Abstract 3
Category: Basic Science

At the end of the session, participants will be able to:

  1. To appreciate when and where keratan sulfate (KS) appears in the human fetal forebrain and the nature of proteoglycans in general
  2. To understand how KS forms a chemical template, temporary for migratory neuroblasts and permanent for axonal fascicles
  3. To know the method of demonstration of proteoglycans in tissue sections and that they are not visualized by electron microscopy or by neuroimaging

COI Disclosure:

None to disclose.

Harvey B. Sarnat [1,2] and Weiming Yu [3]

 [1] Departments of Paediatrics, Pathology (Neuropathology) and Clinical Neurosciences, University of Calgary Cumming School of Medicine, Calgary, Alberta, Canada

[2] Alberta Children’s Hospital Research Institute (Owerko Centre)

[3] Department of Pathology and Laboratory Medicine, Alberta Children’s Hospital Calgary, Alberta, Canada

Presenter

Dr. Sarnat is Professor of Paediatrics, Pathology (Neuropathology) and Clinical Neurosciences at the University of Calgary. He is board-certified in Paediatrics and in Neurology in the U.S. and in Neurology by the Royal College of Physicians and Surgeons of Canada. Residency training in paediatrics was at the University of Illinois (Chicago) and in child neurology and neuropathology at the University of Virginia (Charlottesville). His academic interests and most research publications over many years are in the fields of neuroembryology, developmental (fetal and neonatal) neuropathology, brain malformations, neonatal neurology and the neuropathology of childhood epilepsy. He serves on the Editorial Boards of 9 journals and has over 200 research publications in peer-reviewed journals; he has authored, co-authored or edited 12 textbooks, and has contributed chapters to 130 specialty books and monographs.
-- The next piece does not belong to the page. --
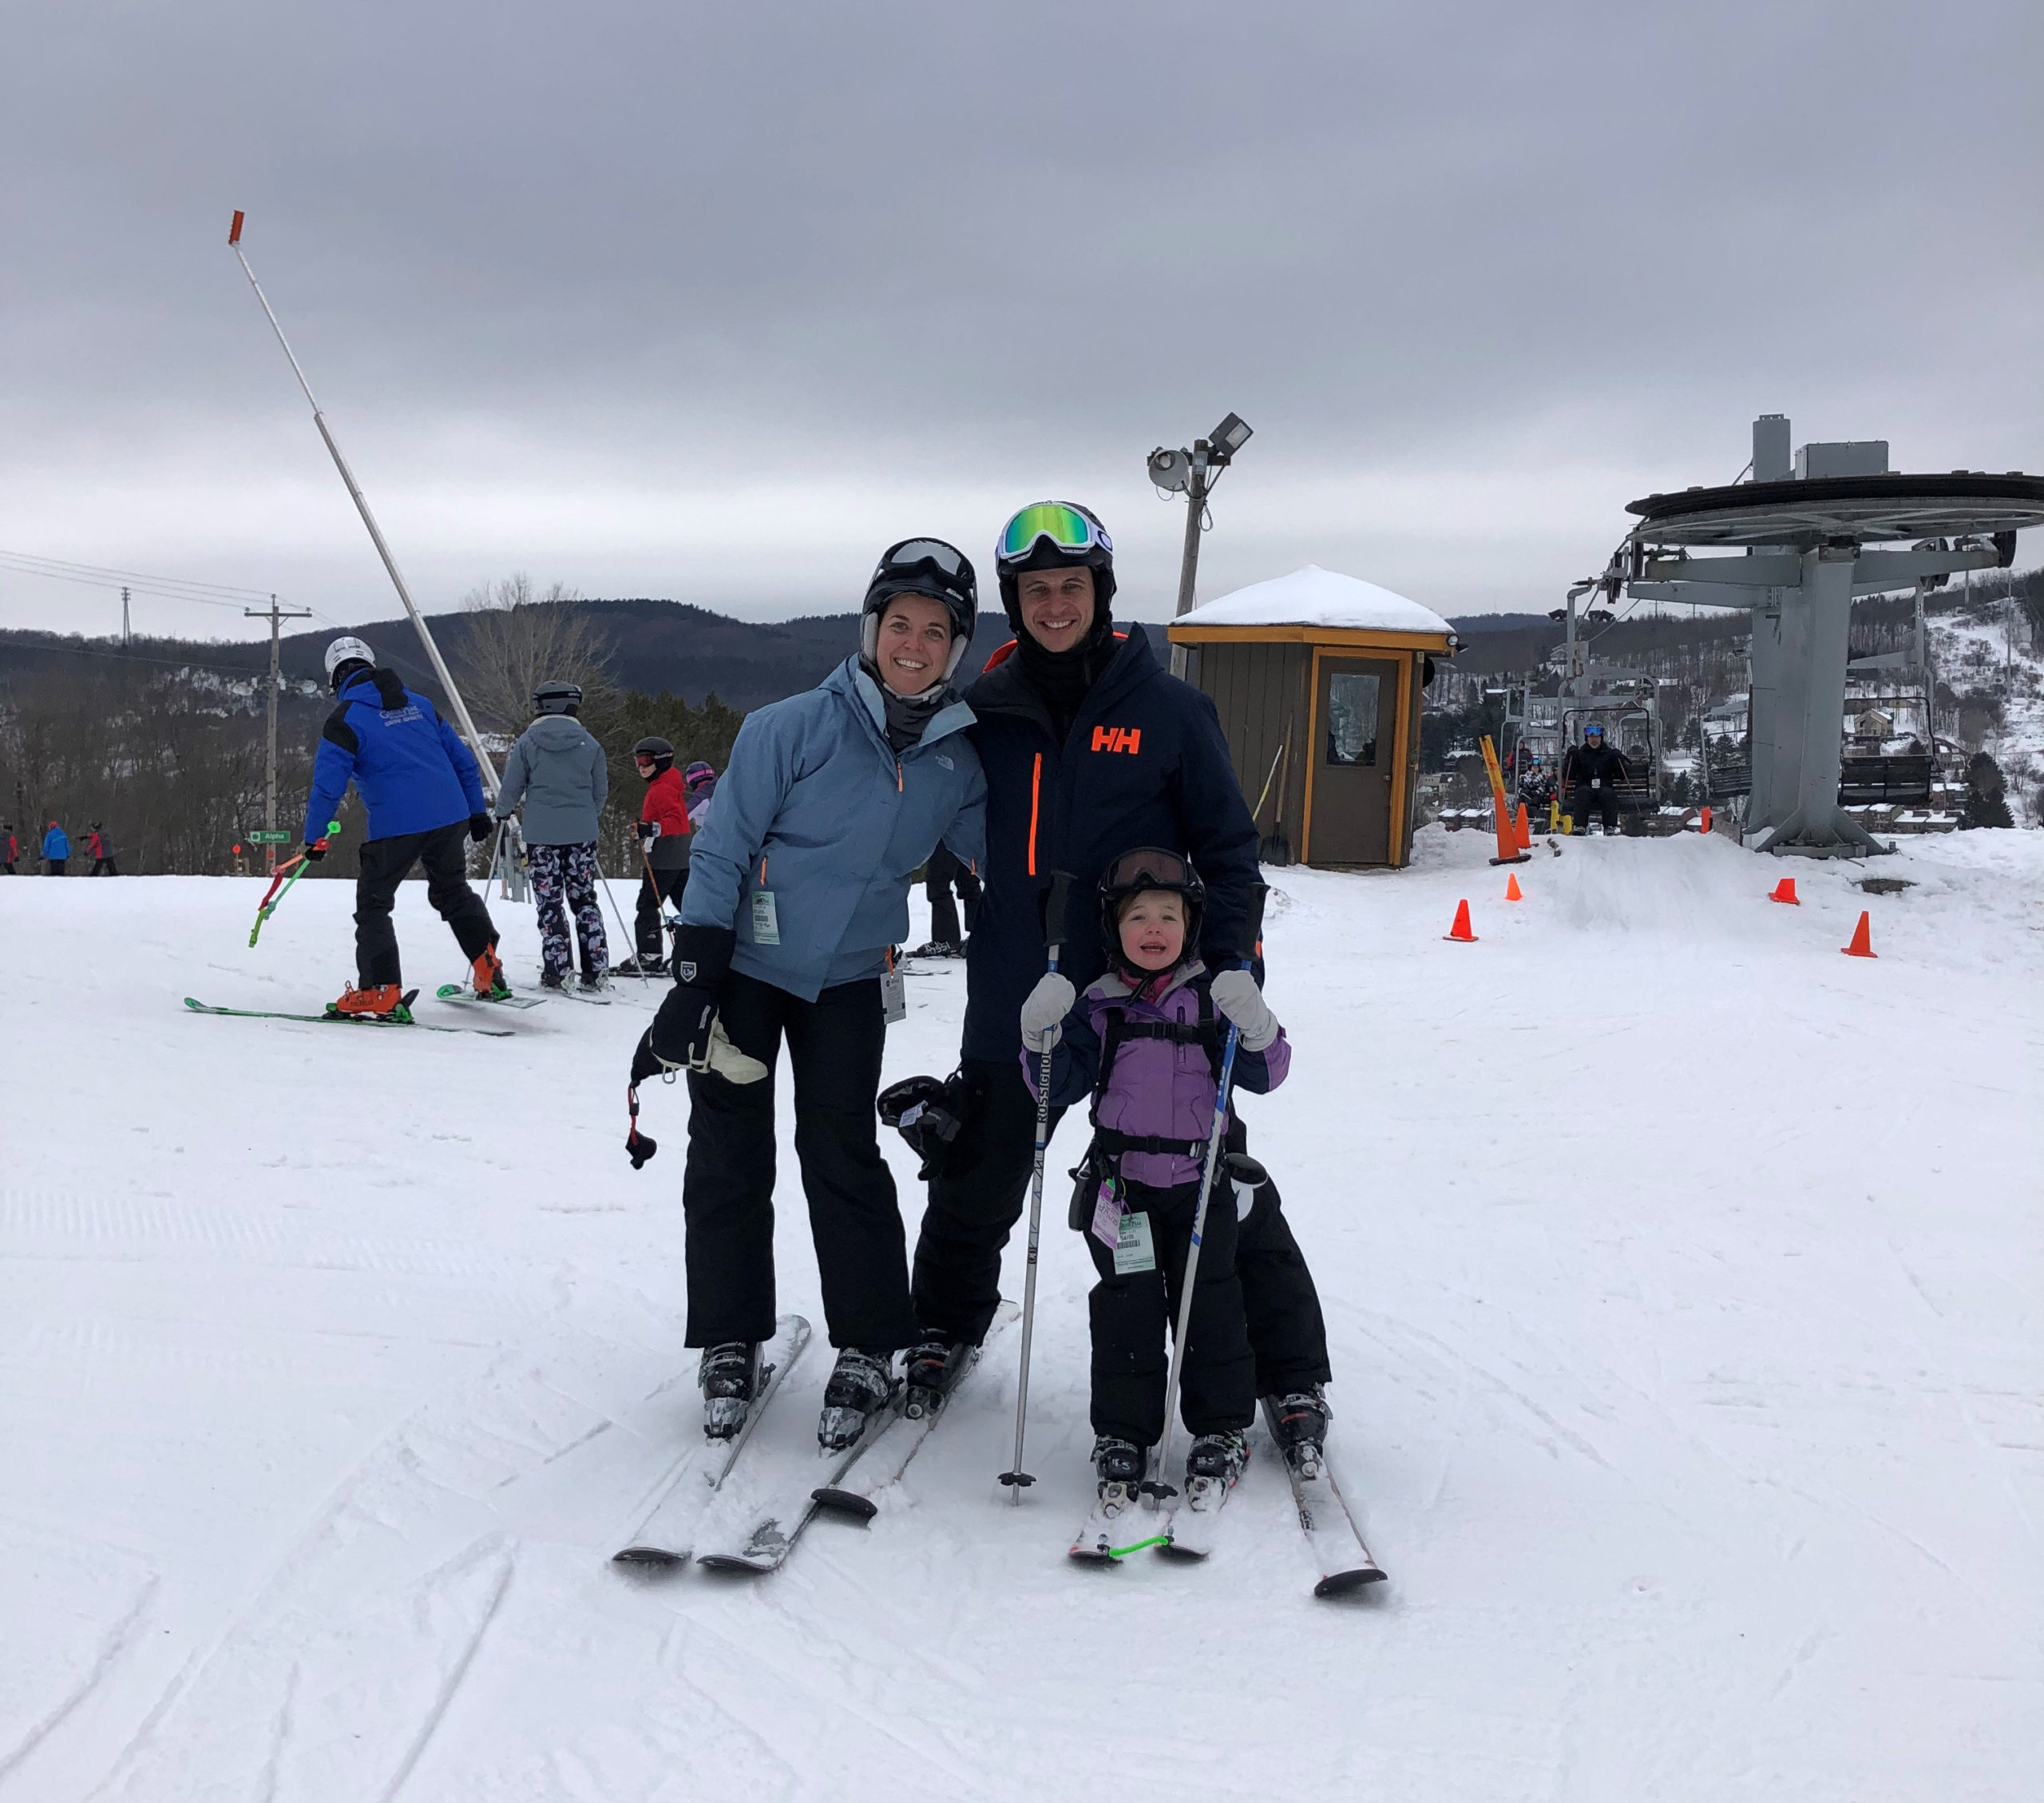 Rob Olivet and family at Greek Peak Mountain Ski Resort in Cortland, NY.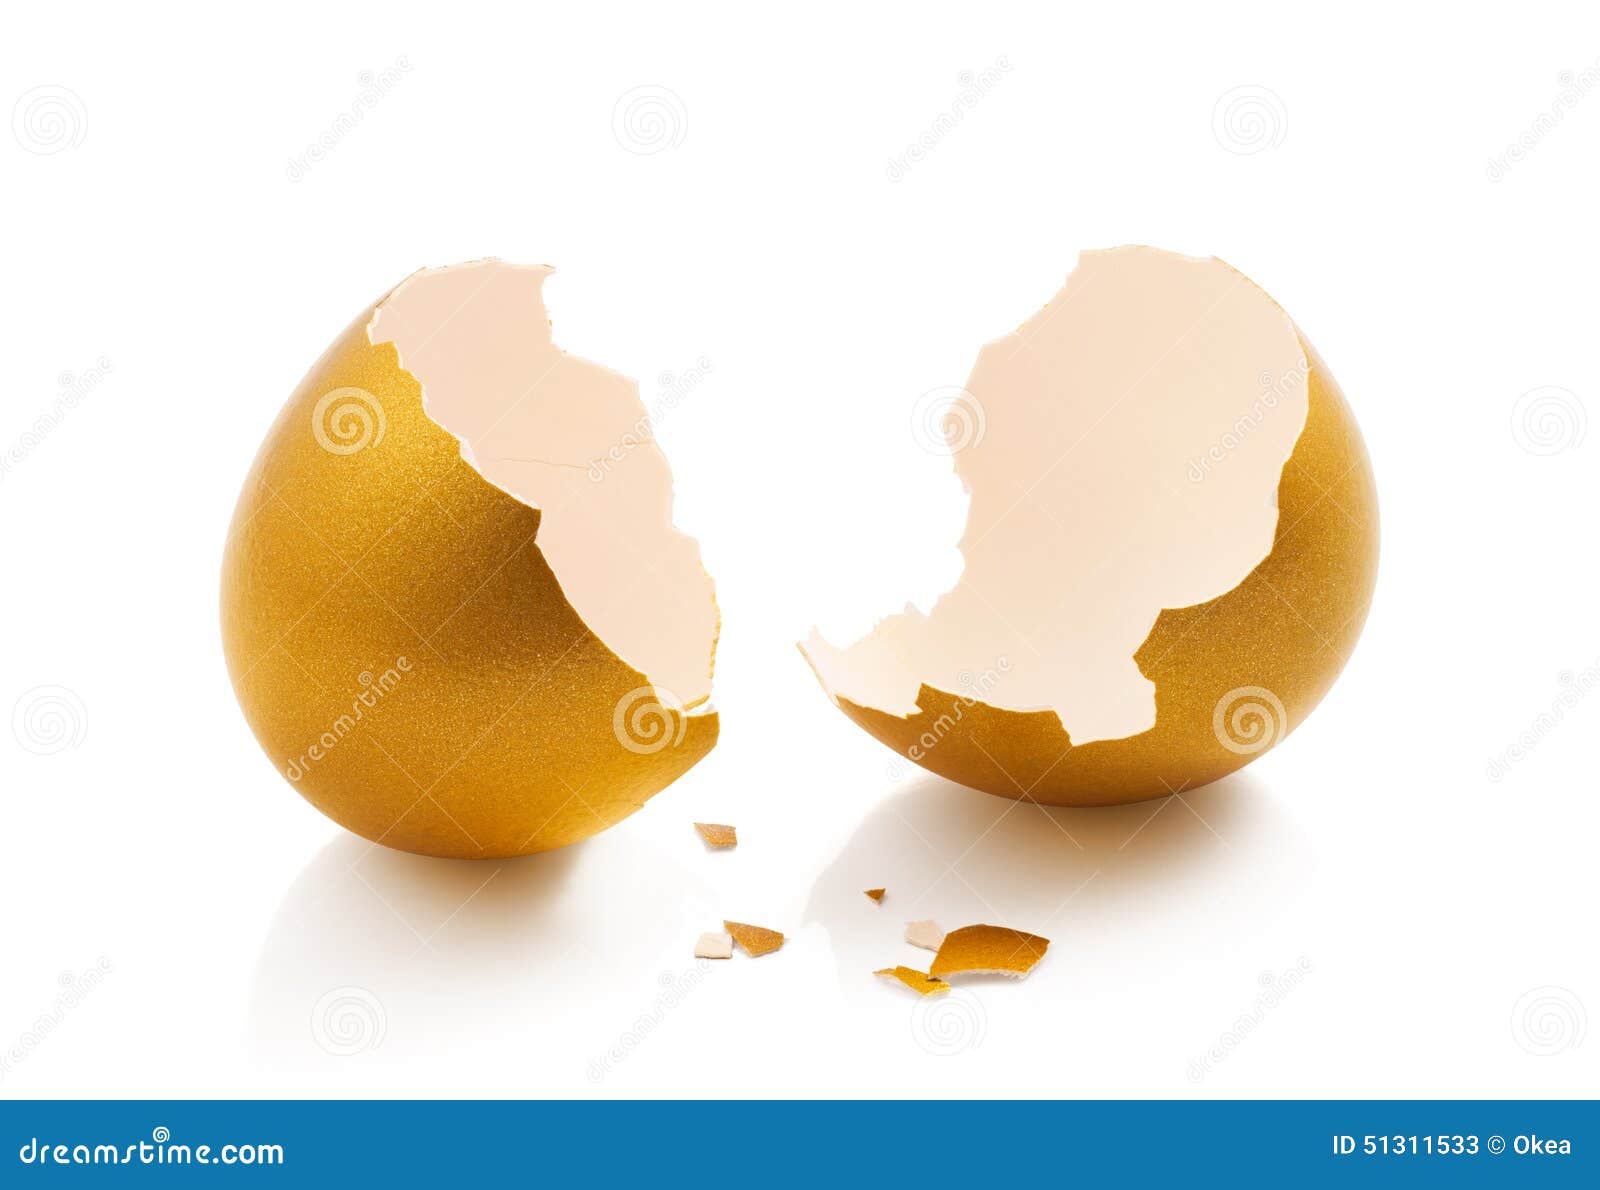 Broken Golden Egg Royalty-Free Stock Photography | CartoonDealer.com ...

He is a member of the Commission on Neuropathology of the International League Against Epilepsy. 
Distinguished awards include giving the keynote Gordon Mathieson Lecture at the 50th anniversary meeting of the Canadian Association of Neuropathologists in 2010 and again in 2021, the Bernard Sachs Research Award and Lecture at the 45th annual meeting of the Child Neurology Society in 2016 and having an annual endowed lectureship in his name at the University of Calgary, the Harvey B. Sarnat Developmental Neuroanatomy and Neuropathology Lectureship, since 2013. He is a frequent invited speaker at many medical congresses and institutions within Canada and internationally in the U.S., Europe, Latin America, Japan, and Australia.

Target Audience:
Pathologists, Residents
Other – Write In (Required): basic neuroscientists

CanMEDS:
Medical Expert (the integrating role), Scholar, Professional

Keratan sulfate is a chemical template for neuroblast migratory pathways and axonal fascicles in human fetal forebrain.

Abstract

Objectives. Timing of keratan sulfate (KS) during morphogenesis in normally developing human fetal forebrain structures was studied. KS is a proteoglycan secreted in fetal brain by astrocytes and radial glia into extracellular parenchyma as granulofilamentous deposits. It envelops neurons except dendritic spines, repels glutamatergic and facilitates GABAergic axons. The same genes are expressed in both neuroblast migration and axonal growth.

Methods. Twenty normal human fetal brains from 9-41 weeks gestational age were studied at autopsy. KS was examined by immunoreactivity in formalin-fixed paraffin sections, plus other markers including synaptophysin, S-100β protein, vimentin and nestin.

Results. Radial and tangential neuroblast migratory pathways from subventricular zone to cortical plate were marked by KS deposits as early as 9wk GA, shortly after neuroblast migration initiated. During later gestation this reactivity gradually diminished and disappeared by term. Long axonal fascicles of the internal capsule and short fascicles of intrinsic bundles of globus pallidus and corpus striatum also appeared as early as 9-12wk, as fascicular sleeves before axons even entered. Intense KS occurs in astrocytic cytoplasm and extracellular parenchyma at 9wk in globus pallidus, 15wk thalamus, 18wk corpus striatum, 22wk cortical plate, and hippocampus postnatally. Corpus callosum and anterior commissure do not exhibit KS at any age. Optic chiasm shows peripheral reactivity but not around intrinsic subfasciculi. Cross-immunoreactivity with aggrecan may confuse molecular distinctions.

Conclusion.  KS forms a putative chemical template (but not a structural scaffold) for many long and short axonal fascicles before axons enter and for neuroblast migratory pathways at initiation of migration.